Nina seemed relieved Sarah wasn’t offended. Despite the punk exterior, she was as friendly as a puppy, and hugely enthusiastic about her work. It wasn’t difficult to picture the country girl who had run away from goats and ended up with rats.
“Cytokines are hot right now,” Nina explained. “We know they send messages, but not why they sometimes screw up and send bad ones. Where the bad input is coming from. It might be in the DNA itself. Maybe from what we call the noncoding part.”
“Bad messages.” Sarah nodded. “So you need to tell the DNA to send a different message.”
“Exactly. That’s what Bettina has figured out, how to do it. But I can’t tell you much more than that. I don’t even know myself. I do the grunt work. Not that I’m complaining. It’s totally a privilege.”
“How do you send a message to DNA? I mean, how does a drug do it? And is it a pill or a . . . a mist?” Sarah wondered if the drug in the galleon was part of Bettina’s experiments. It had certainly had an effect on the immune system. But Nina showed no glimmer of recognition.
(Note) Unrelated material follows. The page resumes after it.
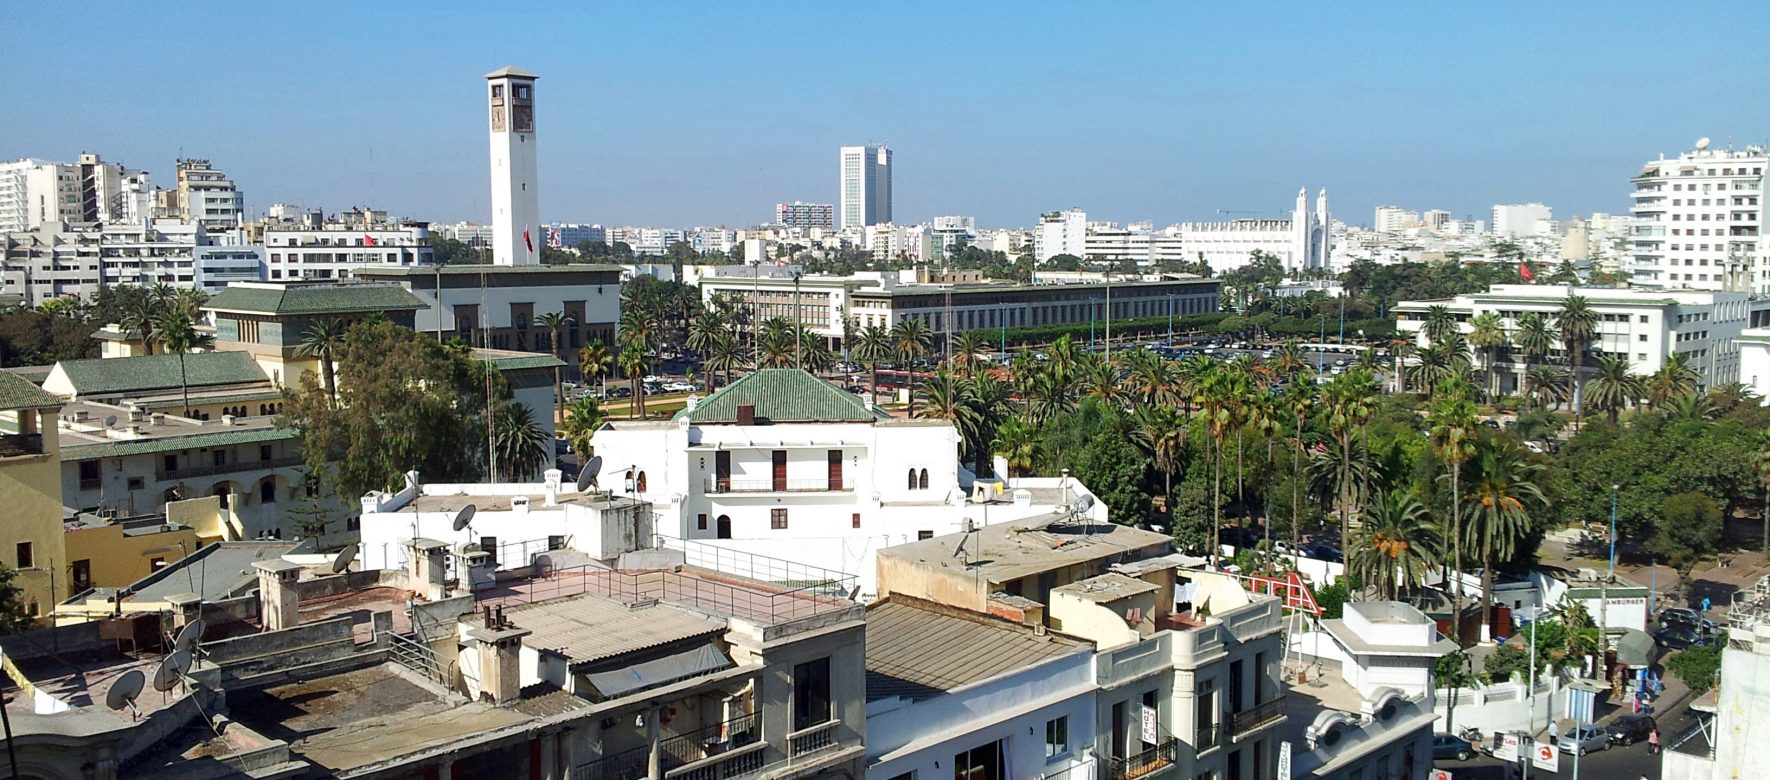 96,6 millions d'euros de prêt : le Maroc premier pays à bénéficier de l'instrument de financement novateur par la Banque Africaine de Développement
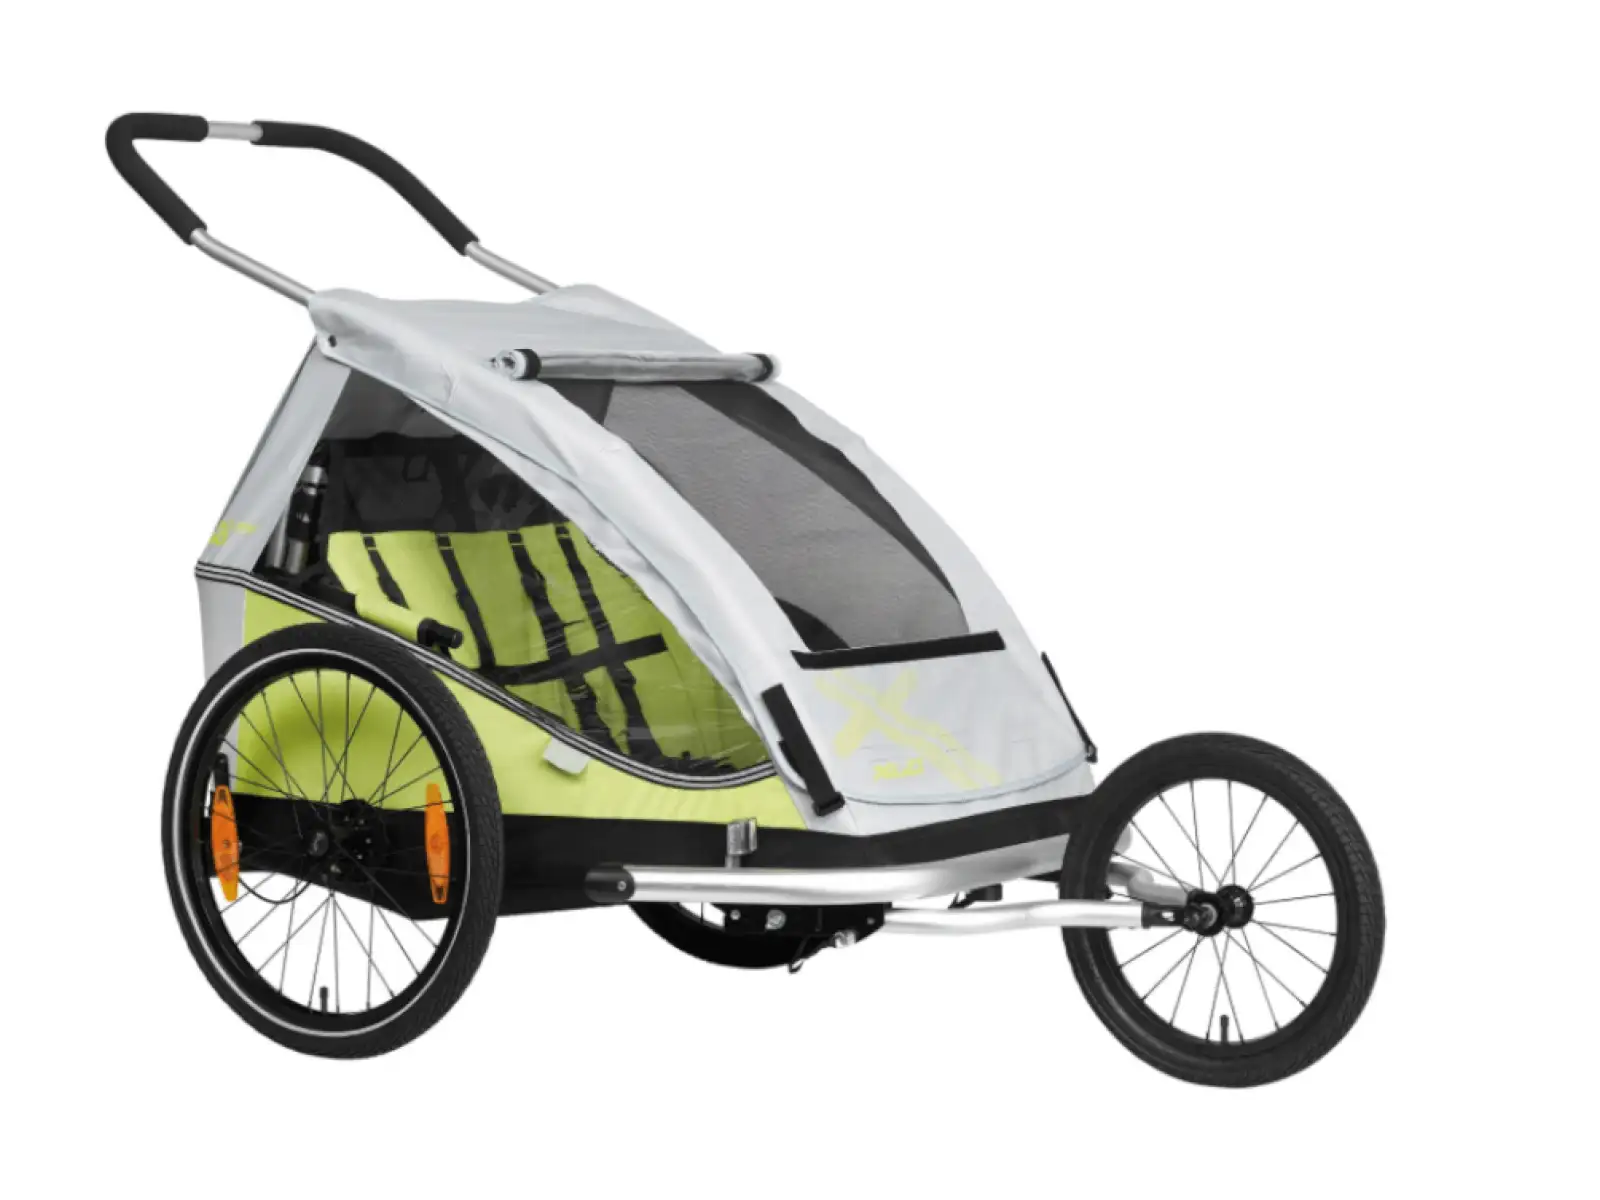 XLC dětský dvou-místný vozík za kolo Duo8teen žlutá

“A mist? That is funny. Okay, first you take carbon, right, like just plain old ashes from the fireplace?”
Ashes to ashes, thought Sarah. How appropriate.
“You give the carbon atoms an electric charge so they form into a lattice on their own, like nano-size chicken wire. Then you roll that into a tube, and that’s the vehicle for whatever you need to attach to it and send into the cell.”
“And because it’s made of carbon just like everything else, the body doesn’t recognize it as an enemy substance and doesn’t fight it off?”
“You got it. It can zoom right into the nucleus of the cell and even attach to the DNA itself.”
“That’s really . . . nano-Frankenstein.”
“It’s fucking rad. And guess what the best molecule for attaching to the nanotube is? Gold. Molecules of gold.”
“Gold? So basically, the most cutting edge of science involves ashes and gold?”